Even though Pig is powerful, somewhat intuitive, high level language for defining MapReduce jobs in the Hadoop ecosystem, however it is unfamiliar to many existing users and involves a learning curve. Hive solves this problem by presenting a very familiar SQL-like interface on top of Hadoop HDFS for performing interactive, ad-hoc on data stored in HDFS as well as define intricate data processing workflows without the need for complex ETL jobs. The SQL-like language supported by hive is referred to as HiveQL.
Hive is not a relational database and supports only a subset of ANSI-SQL, it is rather optimized for query performance on a very large dataset by executing the queries across a cluster of multiple nodes, however Hive is not designed for low latency queries where only a subset of data needs to be queried in a very short turnaround time.

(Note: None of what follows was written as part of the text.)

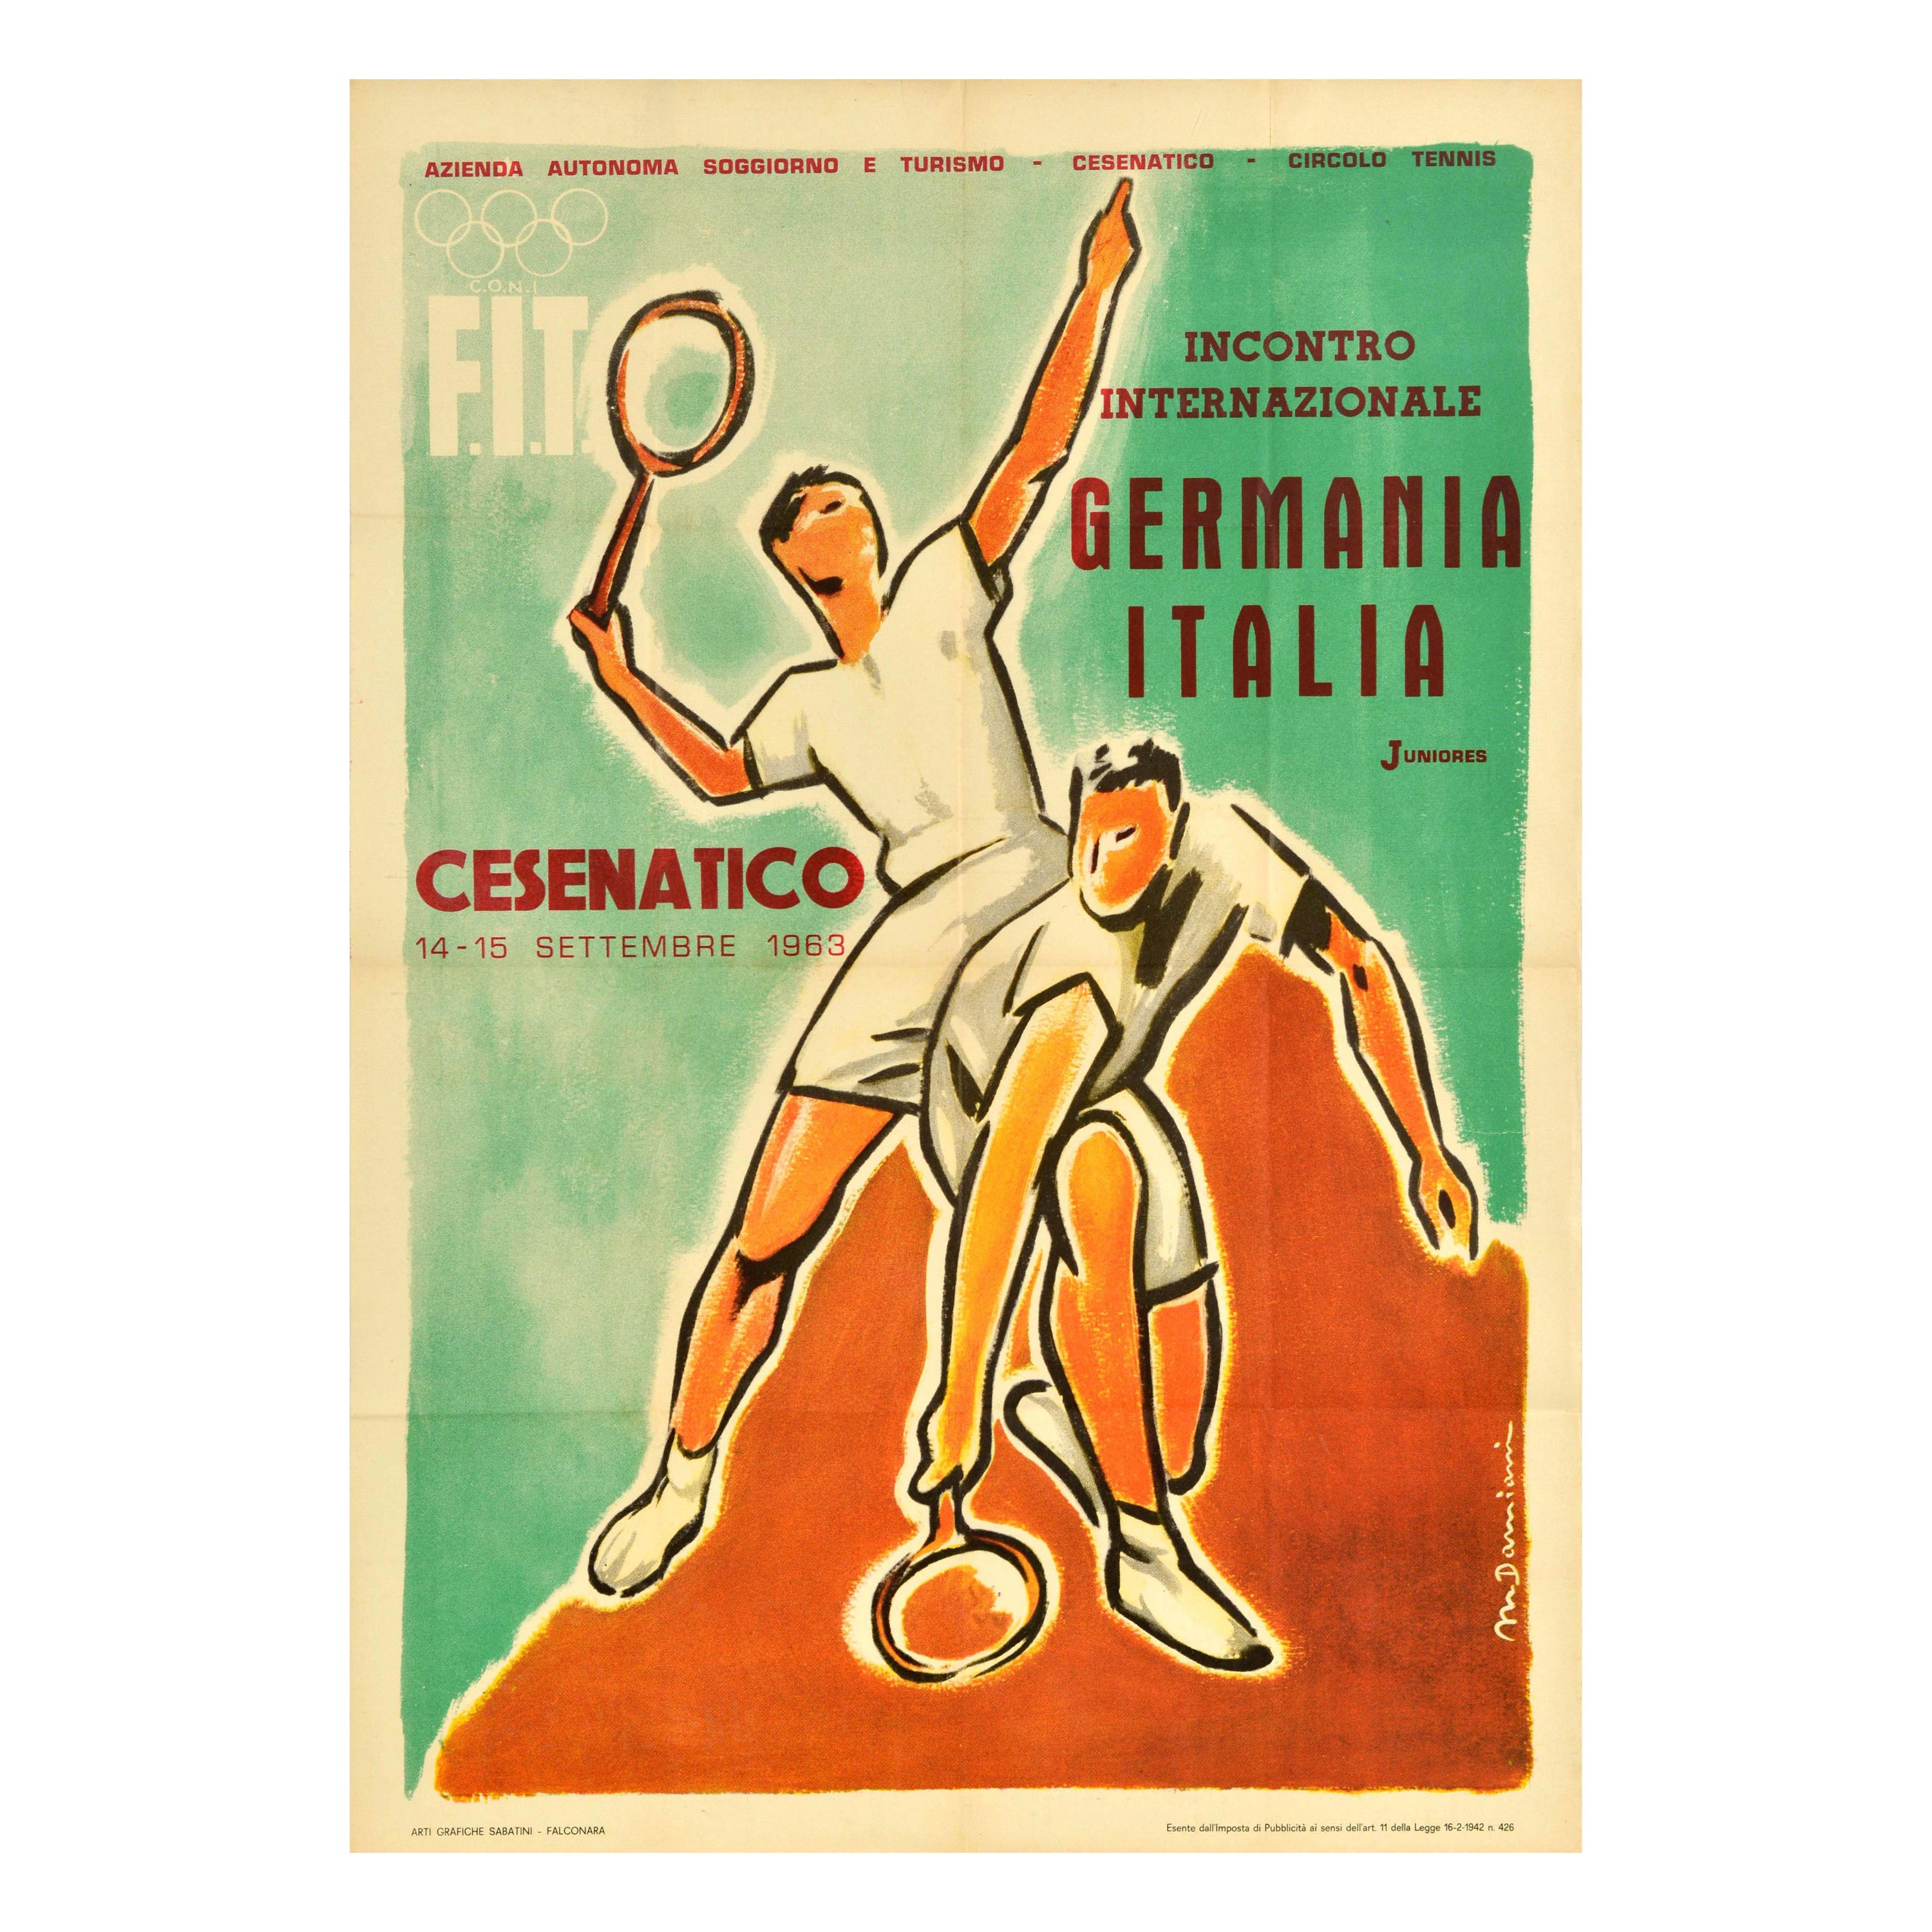 Original-Vintage-Sportplakat, Cesenatico, Tennis meeting, Deutschland, Italien, Coni FIT, Coni FIT im Angebot

Thus making it unsuitable for traditional data warehousing applications.
Scalding is a Scala extension of Cascading, a framework on top Hadoop MapReduce to make it more general purpose. Scala is a high-level functional programming language which runs on the Java JVM, however because of Scala’s support for the functional programming paradigm, its type inference, pattern matching and implicit conversion features it doesn’t require all the boilerplate that Java code usually does. Thus it makes it much simpler to write code in Scalding for the Hadoop environment.
Scalding was developed at and is maintained by Twitter
Spark is an easy to use distributed computing framework designed to be fast and the general purpose meant for large-scale data processing.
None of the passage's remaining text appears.